TAS Govt latest to announce amending Retirement Villages Act to strengthen residents’ protections
Tasmanian Attorney-General and Minister for Workplace Safety and Consumer Affairs, Elise Archer, today said it will amend the 2004 Act to address concerns regarding significant increases to annual recurrent charges and levies.
“Over recent months, my office and I have met with a number of residents of retirement villages and representative groups, including the newly formed Tasmanian Association of Residents of Retirement Villages,” she said.
“I have listened to these concerns, and we are now in the process of drafting legislation to amend the Act to strengthen protections, bringing Tasmania in line with other states such as Victoria, aimed at providing more robust protections and certainty for residents.“
Retirement Living Council Executive Director Daniel Gannon said he looks forward to working closely with the Tasmanian Government to ensure the right balance is struck between operator viability and consumer comfort.

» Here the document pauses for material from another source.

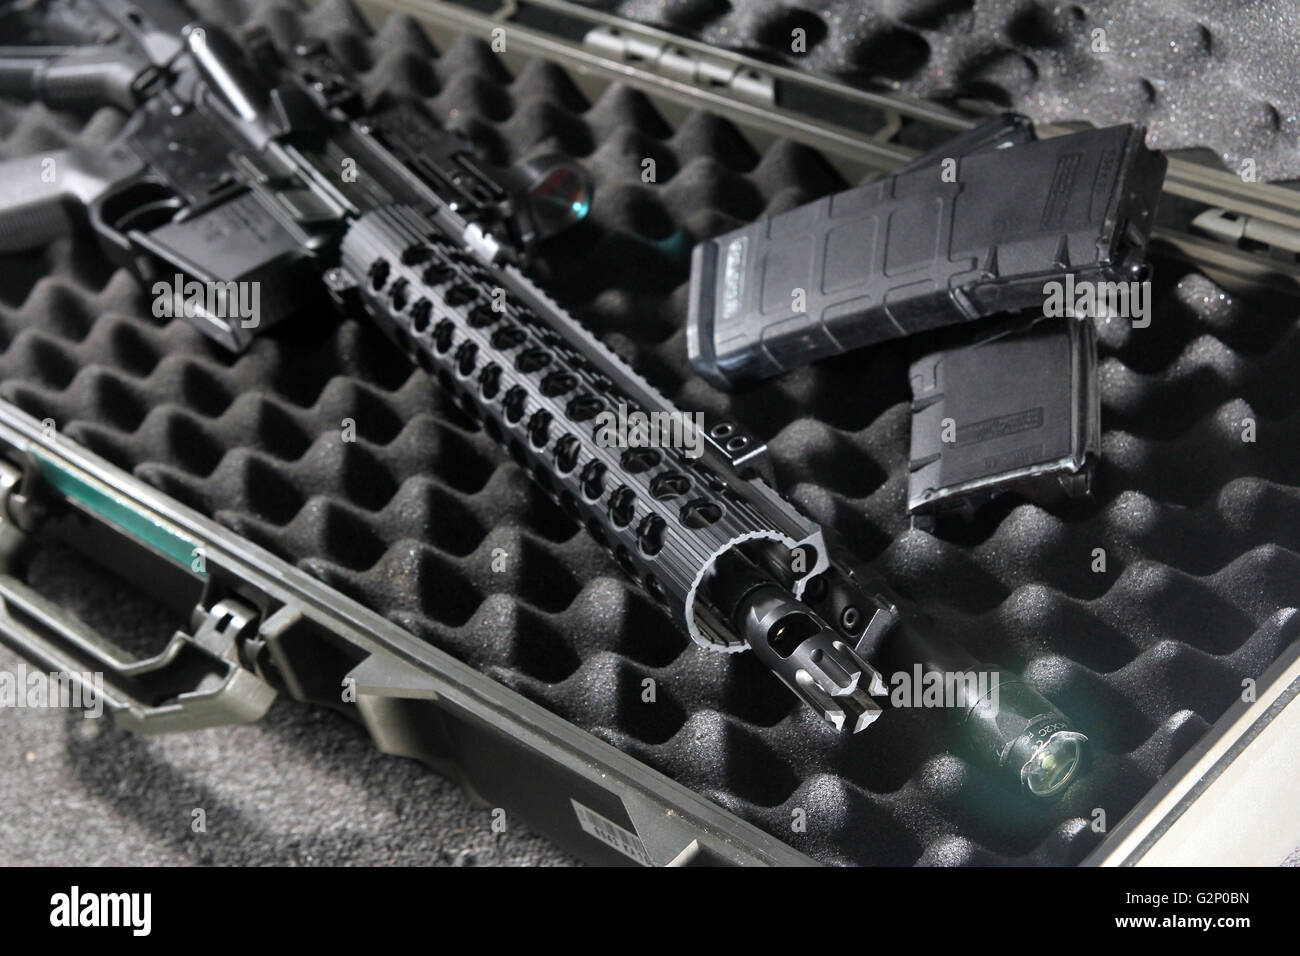 M4 carbine fusil cas tuer killer magazine lumière tactique prêt protéger crime attaque assassiner rift rifte usa précis Banque D'Images

“The RLC recently met with the newly formed Tasmanian Association of Residents of Retirement Villages and is arranging a meeting with the State Government to discuss reform.”
Last month, the WA Government drafted new legislation including exit entitlements to former residents to be paid within 12 months from when the resident leaves; the SA Government has released 60 proposed changes to the Retirement Villages Act 2016, the QLD Government is reviewing its legislation, and the VIC Government is seeking consultation on its Retirement Villages Amendment Bill.